EXERCISE —
Would you give the listing again exactly as written, minus its pictures?

INPUT DATA —
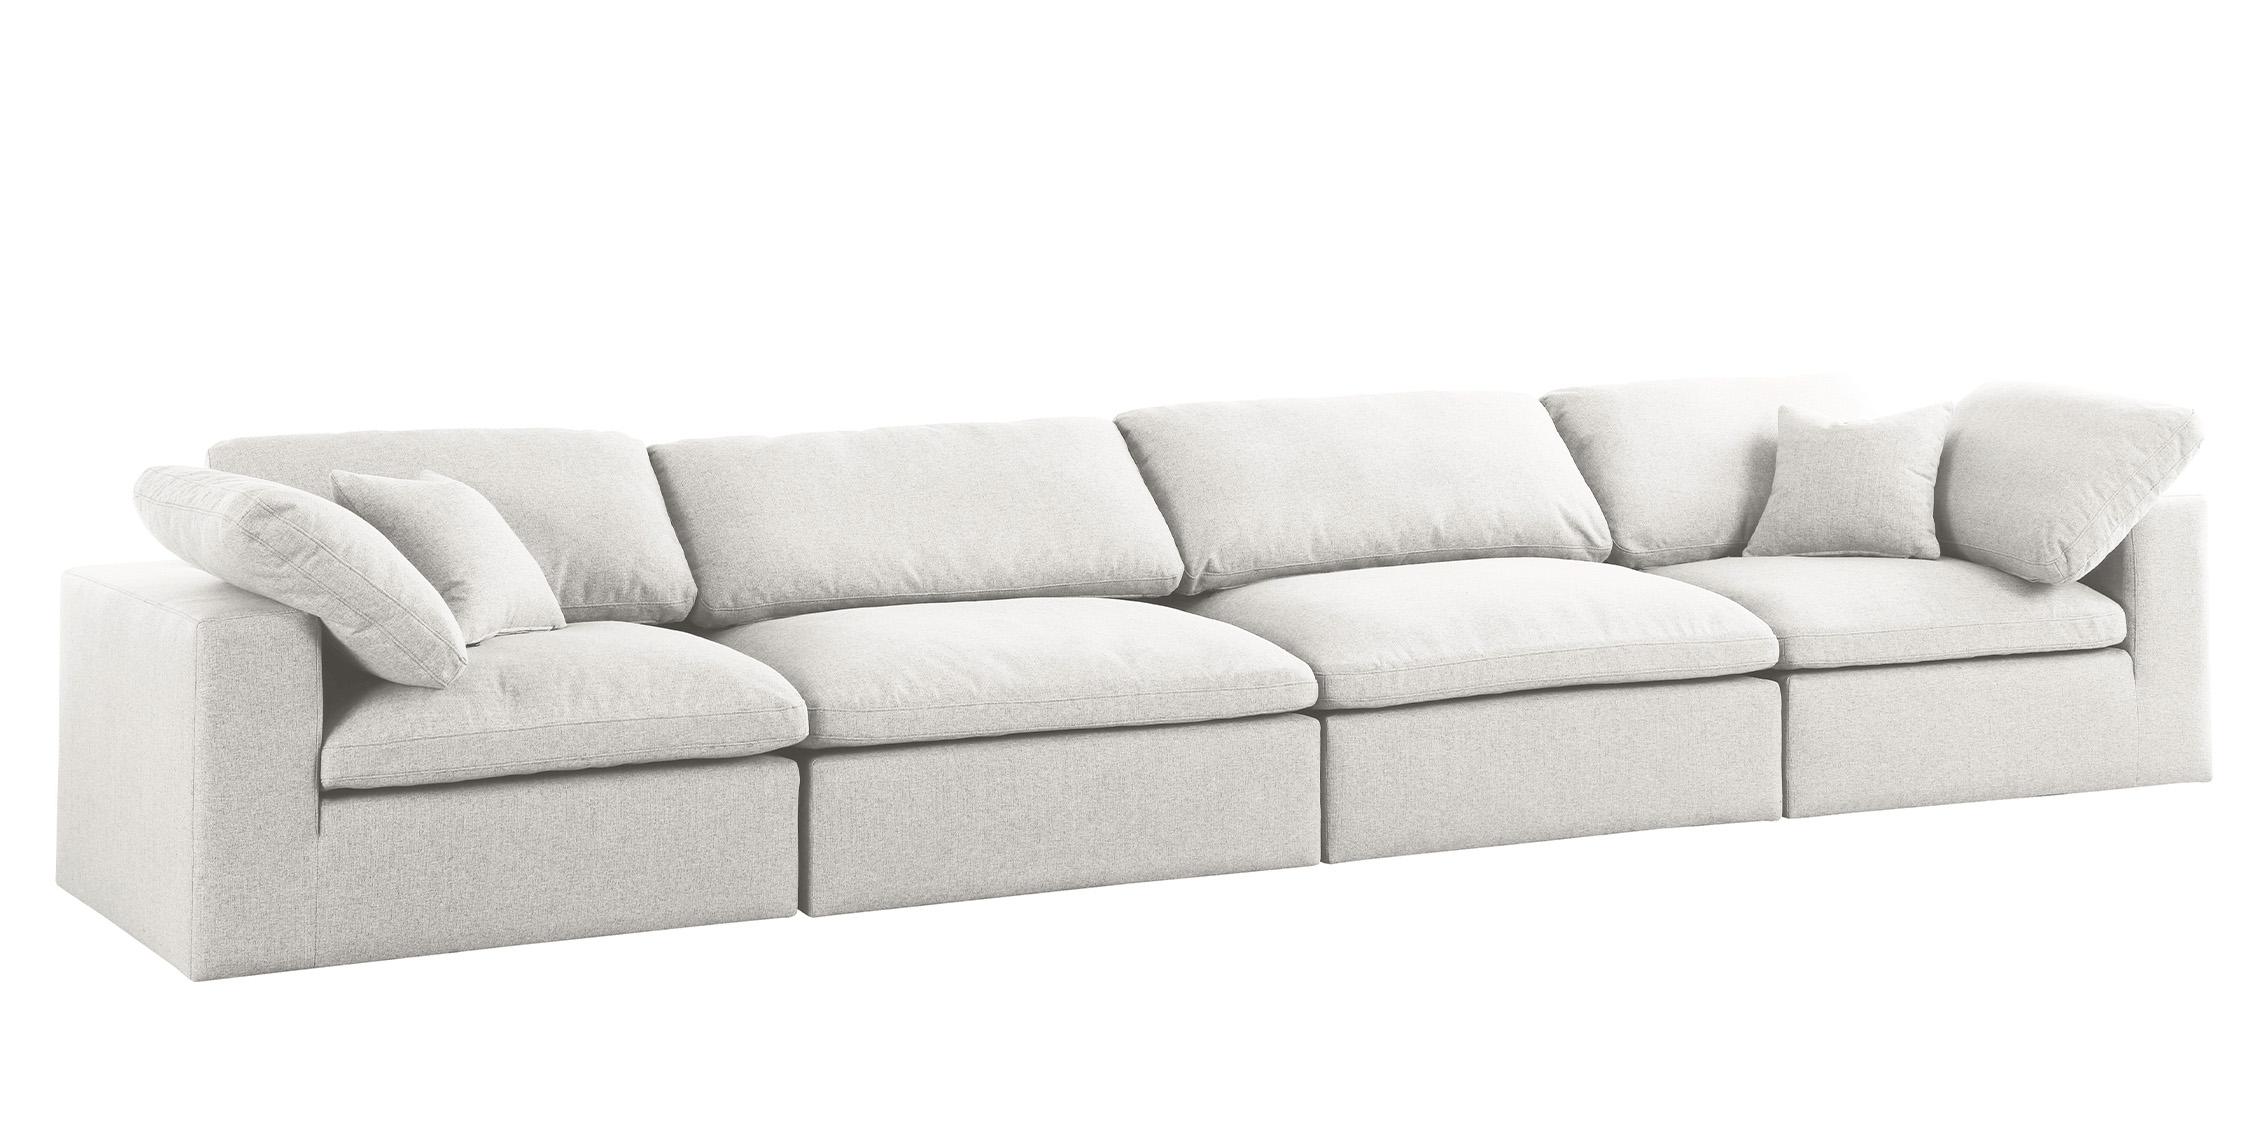 

    
Serene Cream Linen Textured Fabric Deluxe Comfort Modular Sofa S158 Meridian
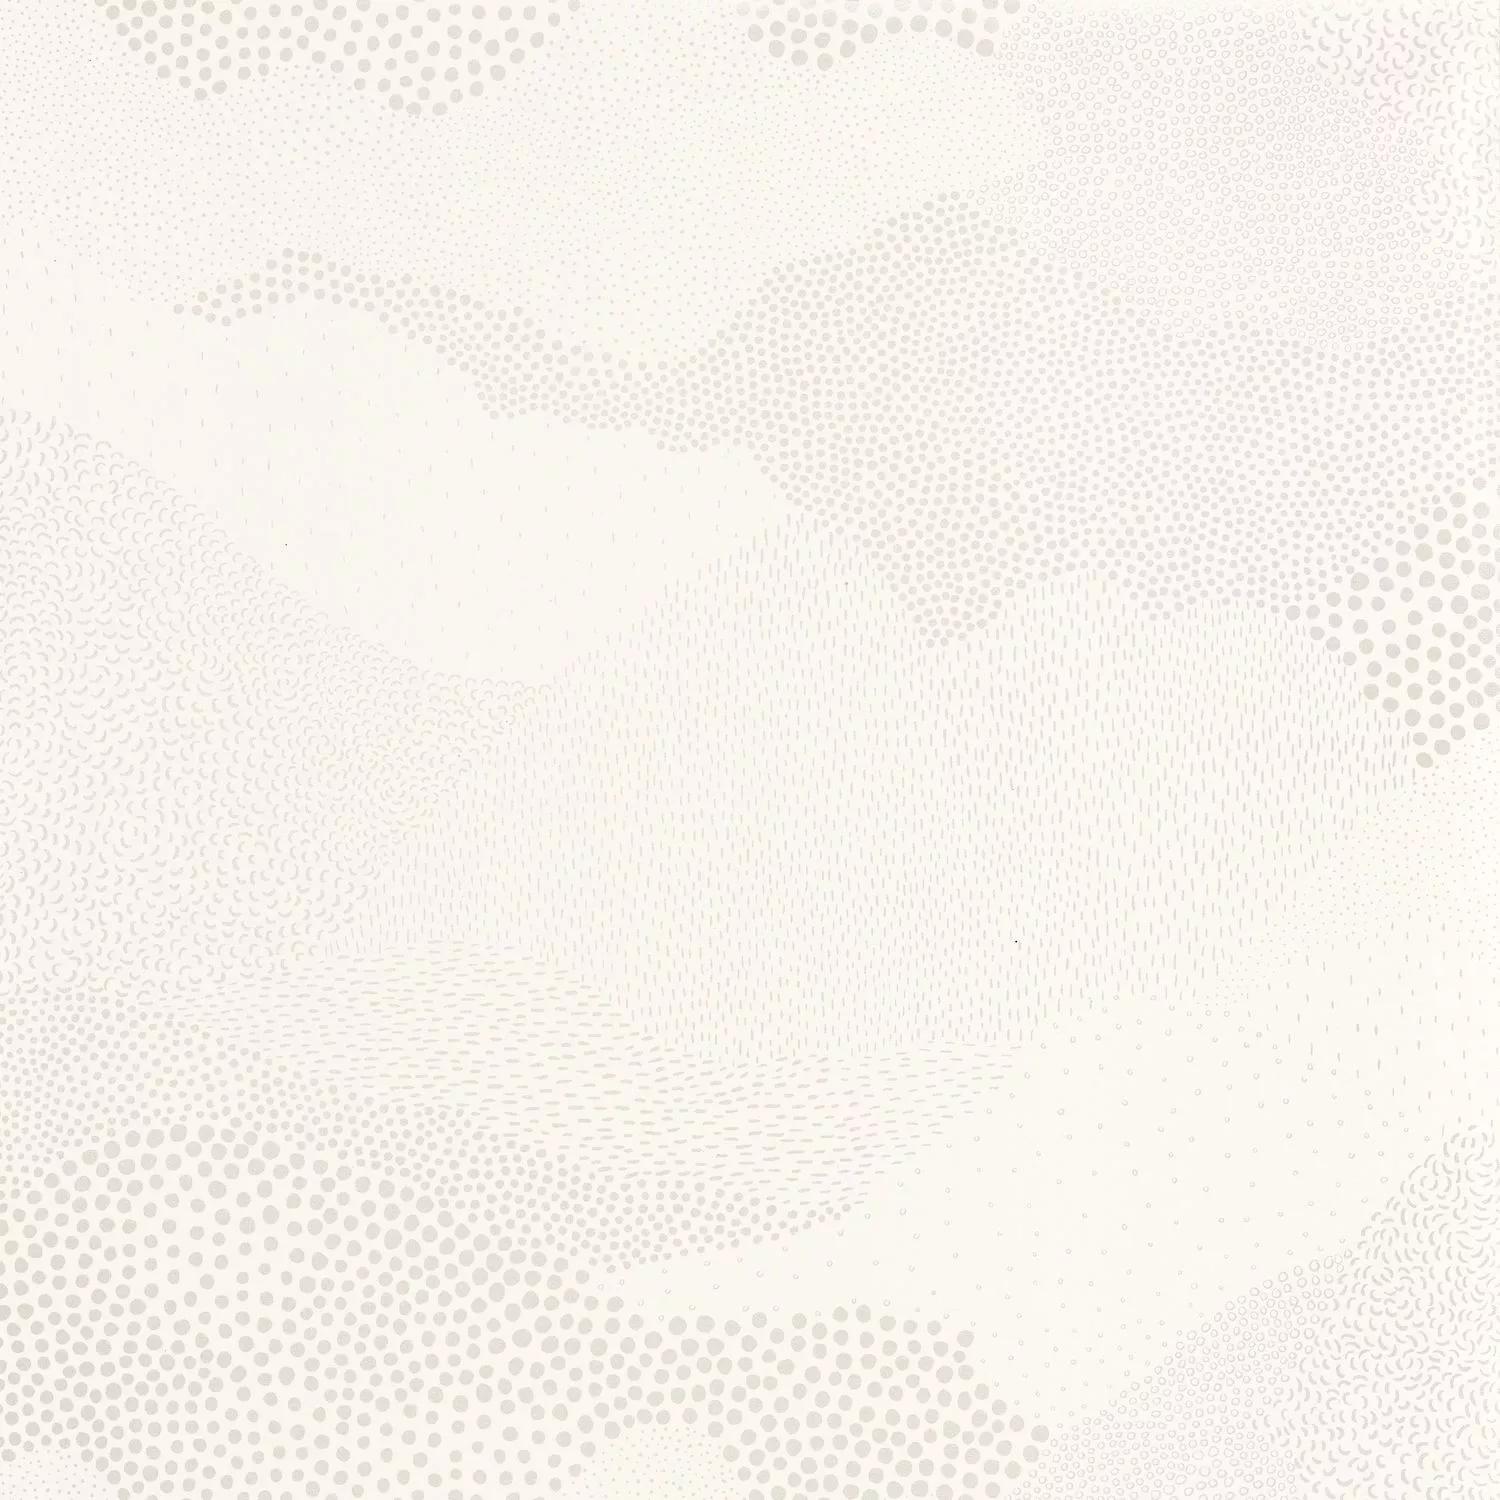 Fehér hullám mintás vlies design tapéta apró pöttyözött hullám mintával
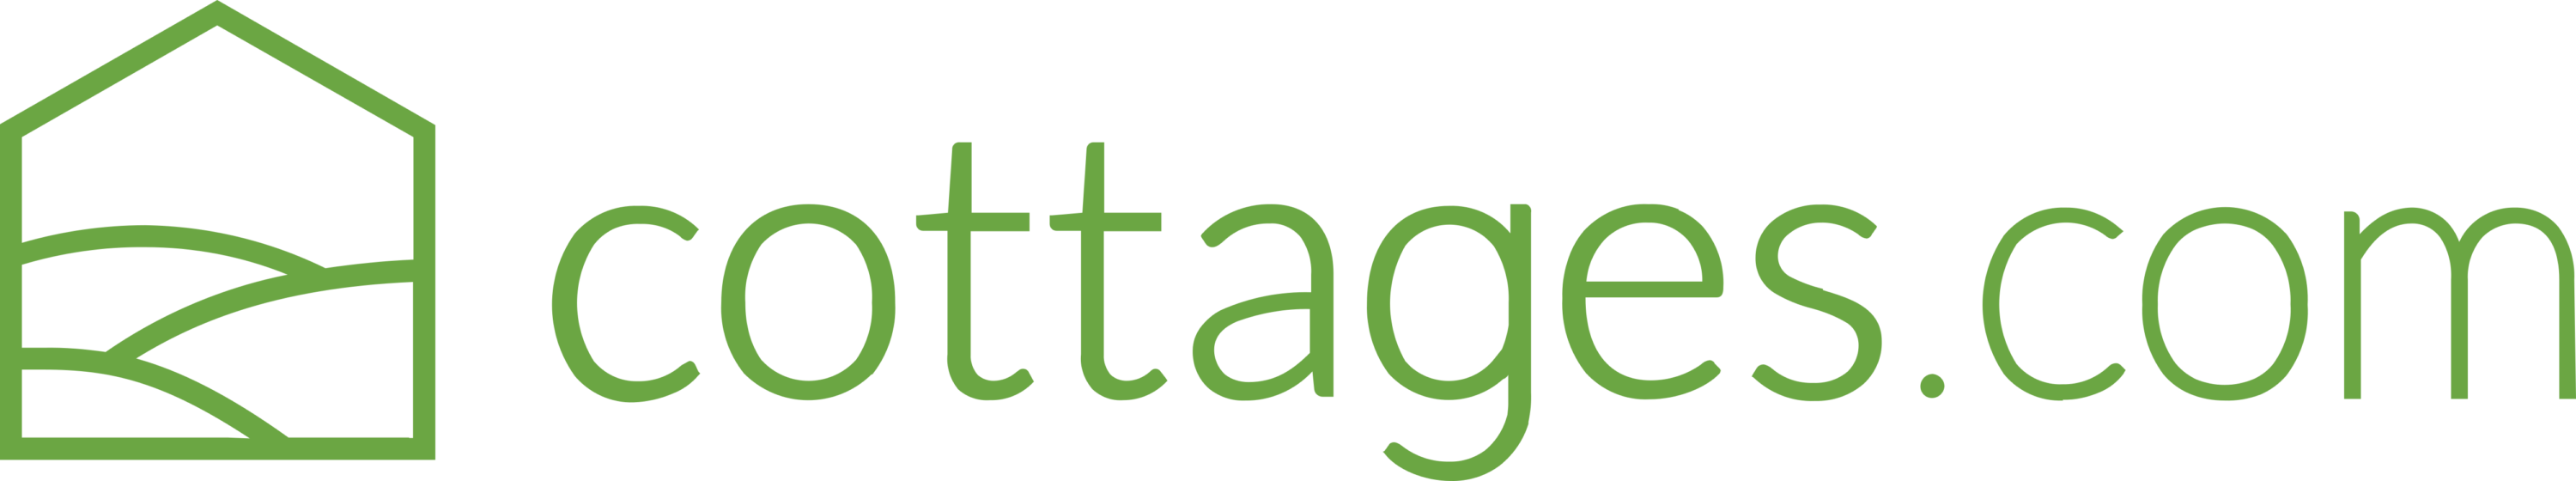 cottages.com Logo
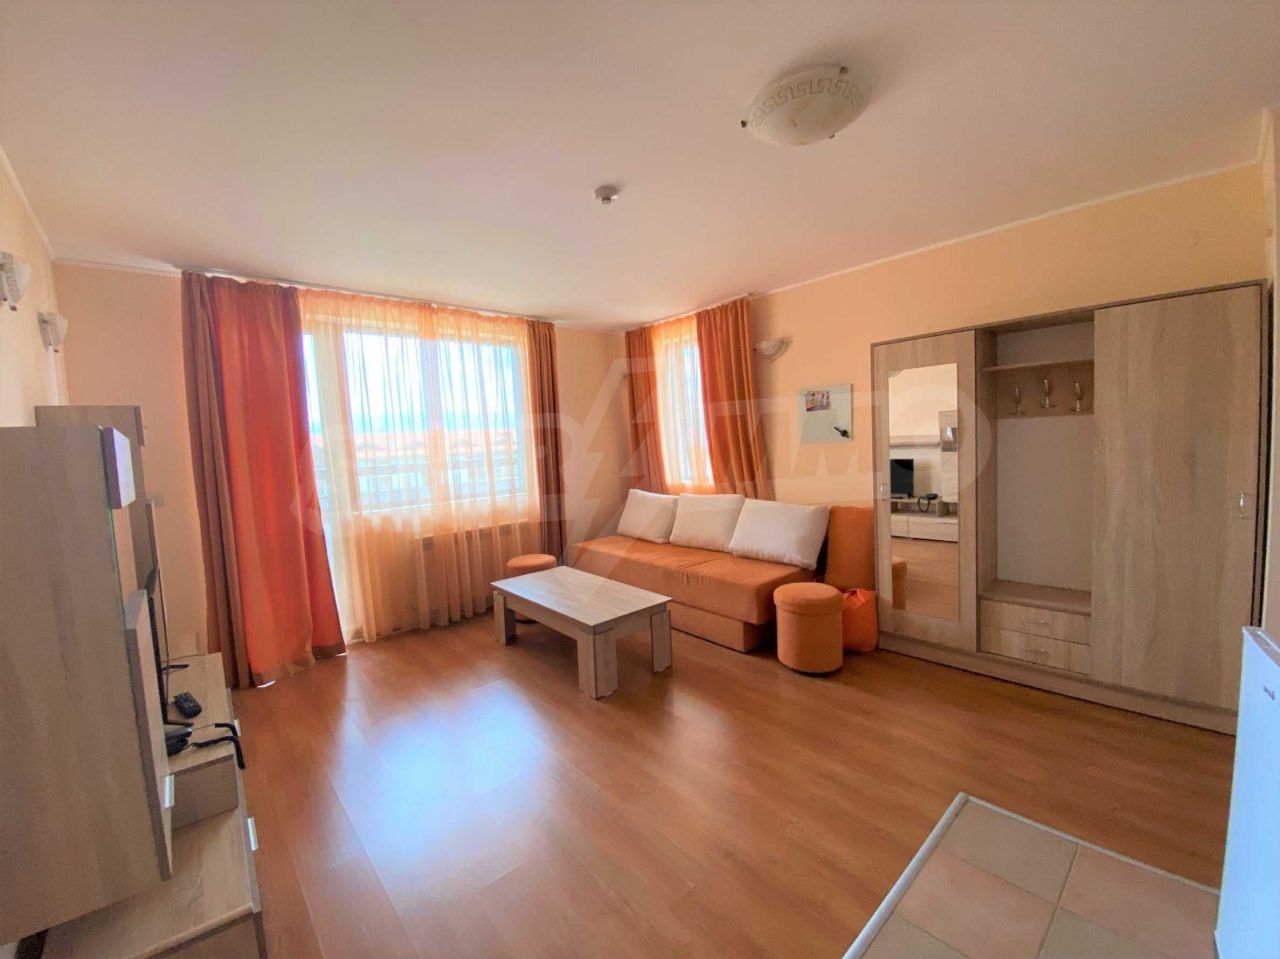 Apartment in Bansko, Bulgaria, 73.26 sq.m - picture 1

EXERCISE RESPONSE —
Serene Cream Linen Textured Fabric Deluxe Comfort Modular Sofa S158 Meridian
 Fehér hullám mintás vlies design tapéta apró pöttyözött hullám mintával
 cottages.com Logo
 Apartment in Bansko, Bulgaria, 73.26 sq.m - picture 1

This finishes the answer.